Hi,

I am working on fungal isolates from deep-sea sediments. It is debated on whether these isolates are haploid or diploid. I was wondering if there was a way to determine if they were either haploid or diploid using some type of bioinformatics tool.

I did try assembling the genome using both SPAdes and diploid SPAdes. Diploid SPAdes seems to be the better assembly, but I do not think this means I can ultimately say that these fungi are diploid.

Thanks in advance for your help!

You might try to analyze the kmer distribution from your reads. For this, you might use

• KmerGenie: http://kmergenie.bx.psu.edu/ , or
• Jellyfish: http://www.cbcb.umd.edu/software/jellyfish/

and count your kmers for a few different kmer lengths, e.g. 17mers as in the example.

Then, you would need to plot your data as in the figure below. X-axis: kmer depth, how often each kmer is counted, Y-axis: frequency, how many individual kmers are counted with this kmer depth.

The example is taken from the quinoa genome sequence by Zou et al. (2017). Quinoa is tetraploid. The graph is typical for a tetraploid organism as it has two peaks, a diploid and a tetraploid peak. A diploid organism would only have one peak,

You should check what it looks like for your species. Best luck!

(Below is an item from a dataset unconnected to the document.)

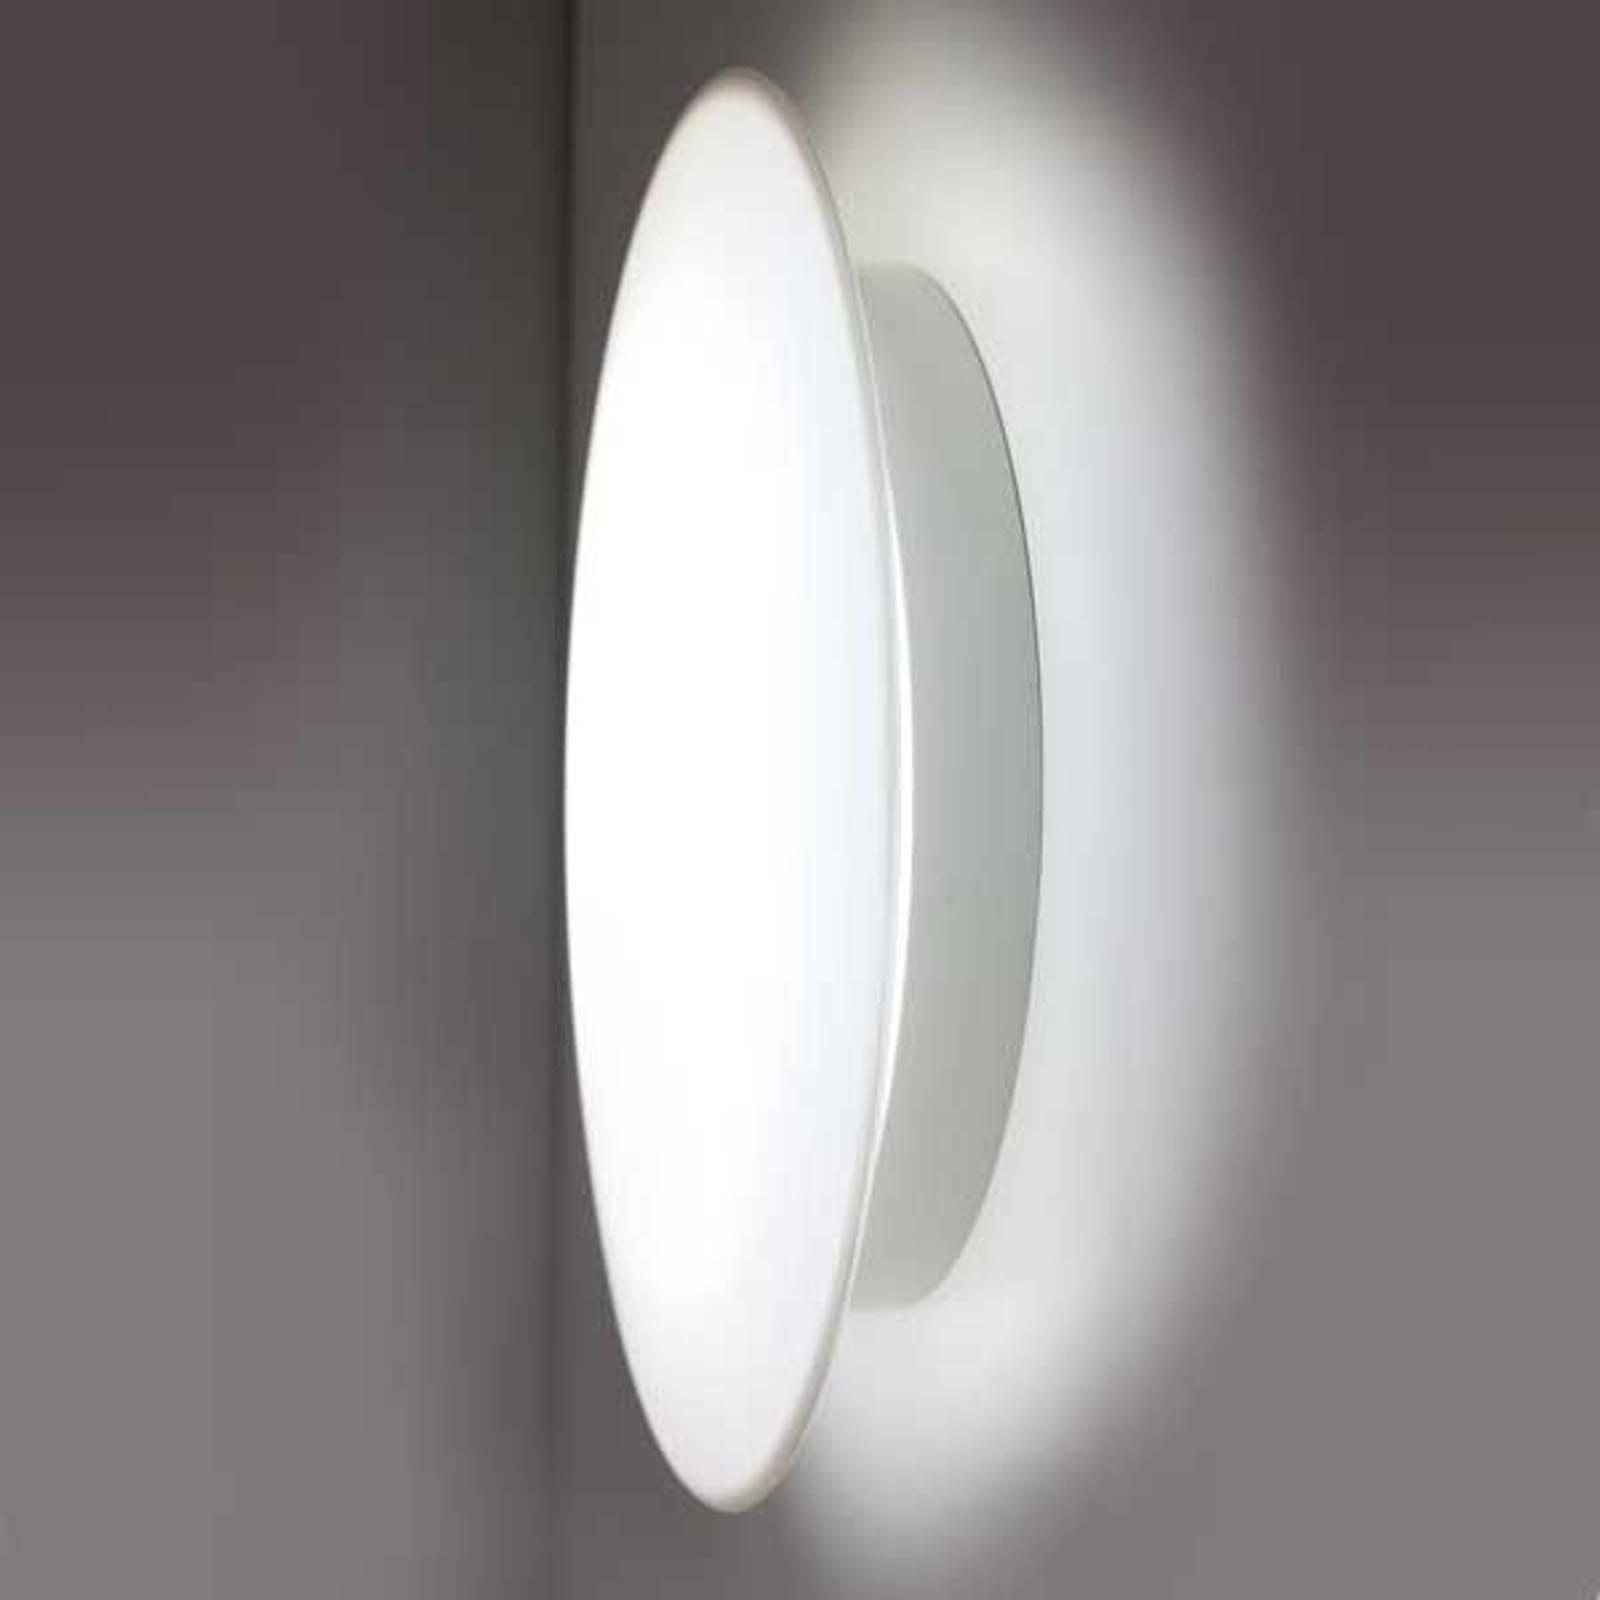 Bilde av Fremtidsrettet Sun 3 Led-lampe I Hvitt, 8 W 4 K

Given that you have assemblies already and provided your strains are heterozygous wild strains (and not homozygous lab "wildtypes"), you can map the reads back to your assembly and predict variants on the assemblies. In haploids, you'd expect very few variants, in diploids many heterozygous mutations with an allele frequency distribution close to 50%. You can read this information directly in the vcf file from the variant caller and process it in Excel.

Using this, you can resolve up to tetraploidy, potentially even hexaploidy. I can't find the reference, though...

Probably not less work than toheitka's solution, but a different approach.